The trait details then need to be filled in manually.

-   **units**: fill in the units associated with the trait values in the submitted dataset - such as mm2 in the example above. If you're uncertain about the syntax/format used for some more complex units, look through the traits definition file (`config/traits.yml`) or the file showing unit conversions (`config/unit_conversions.csv`). For categorical variables, leave this as `.na`.

  AusTraits uses the Unified Code for Units of Measure (UCUM) standard for units (https://ucum.org/ucum), but each database using the `traits.build` workflow can select their own choices for unit abbreviations. The UCUM standard follows clear, simple rules, but also has a flexible syntax for documenting notes that are recorded as part of the 'unit' for specific traits, yet are not formally units, in curly brackets. For instance, {count}/mm2 or umol{CO2}/m2/s, where the actual units are 1/mm2 and umol/m2/s. There are a few not-very-intuitive units in UCUM. `a` is `year` (annum).
  
  **Notes**:  
  -   If the units start with a punctuation symbol, the units must be in single, straight quotes, such as: `unit_in: '{count}/mm2'`   
  -   It is best not to start units with a `-` (negative sign). In AusTraits we've adopted the convention of using, for instance, `neg_MPa` instead of `-MPa`  

-   **trait_name**: This is the trait name of the appropriate trait concept for the datasets `config/traits.yml`. For currently unsupported traits, leave this as `.na` but then fill in the rest of the data and flag this study as having a potential new trait concept. Then in the future, if an appropriate trait concept is added to the `traits.yml` file, the data can be read into the database by simply replacing the `.na` with a trait name. Each database will have their own criteria/rules for adding traits to the trait dictionary, and likely rules that evolve as a trait database grows. In AusTraits, if no appropriate trait concept exists in the trait dictionary, a new trait must be defined within the accompanying AusTraits Plant Dictionary and should only be added if it is clearly a distinct trait concept, can be explicitly defined, and there exists sufficient trait data that the measurements have comparative value.

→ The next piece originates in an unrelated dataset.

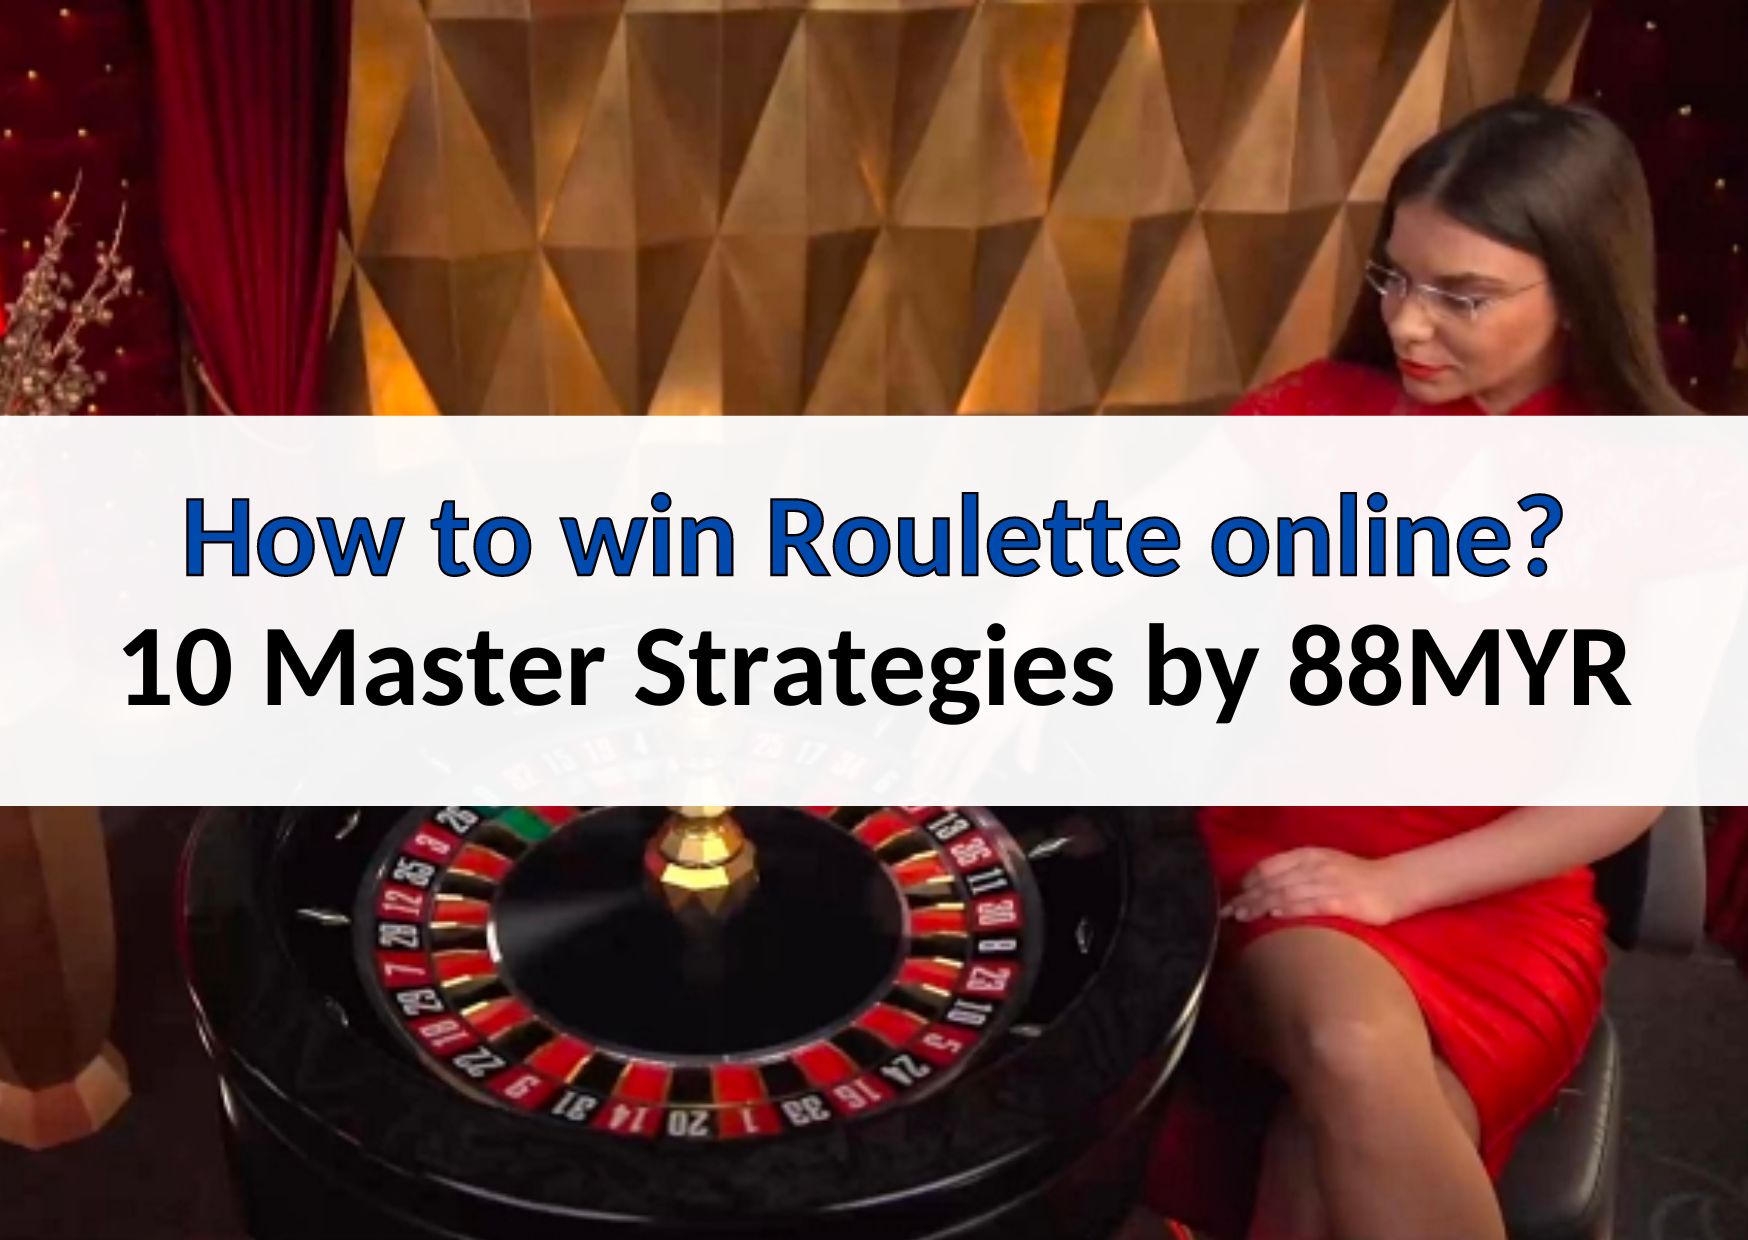 How to win Roulette online every spin - 10 Master Strategies

-   **entity_type**: Entity type indicates "what" is being observed for the trait measurements - as in the organismal-level to which the trait measurements apply. As such, `entity_type` can be `individual`, `population`, `species`, `genus`, `family` or `order`. Metapopulation-level measurements are coded as `population` and infraspecific taxon-level measurements are coded as `species`. See the [database structure vignette](database_structure.html#entity_type) for definitions of these accepted `entity_type` values. 

  **Note**:  
  -   `entity_type` is about the "organismal-level" to which the trait measurement refers; this is separate from the taxonomic resolution of the entity's name.  

-   **value_type**: Value type indicates the statistical nature of the trait value recorded. Allowable value types are `mean`, `minimum`, `maximum`, `mode`, `range`, `raw`, and `bin`. See the [database structure vignette](database_structure.html#value_types) for definitions of these accepted value types. All categorical traits are generally scored as being a `mode`, the most commonly observed value. Note that for values that are `bins`, the two numbers are separated by a double-hyphen, `1 -- 10`.

-   **basis_of_value**: Basis of value indicates how a value was determined. Allowable terms are `measurement`, `expert_score`, `model_derived`, and `literature`. See the [database structure vignette](database_structure.html#value_types) for definitions of these accepted `basis_of_value` values, but most categorical traits measurements are values that have been scored by an expert (`expert_score`) and most numeric trait values are `measurements`.

-   **replicates**: Fill in with the appropriate number of measurements that comprise each value.

  If the values are raw values (i.e. a measurement of an individual) `replicates: 1`.  
  If the values are, for instance, means of 5 leaves from an individual, `replicates: 5`.  
  If there is just a single population-level value for a trait, that comprises measurements on 5 individuals, `replicates: 5`.  
  For categorical variables, leave this as `.na`.  
  If there is a column that specifies replicate number, you can list the column name in the field.  

-   **methods**: This information can usually be copied verbatim from a manuscript and is a textual description of all components of the method used to measure the trait.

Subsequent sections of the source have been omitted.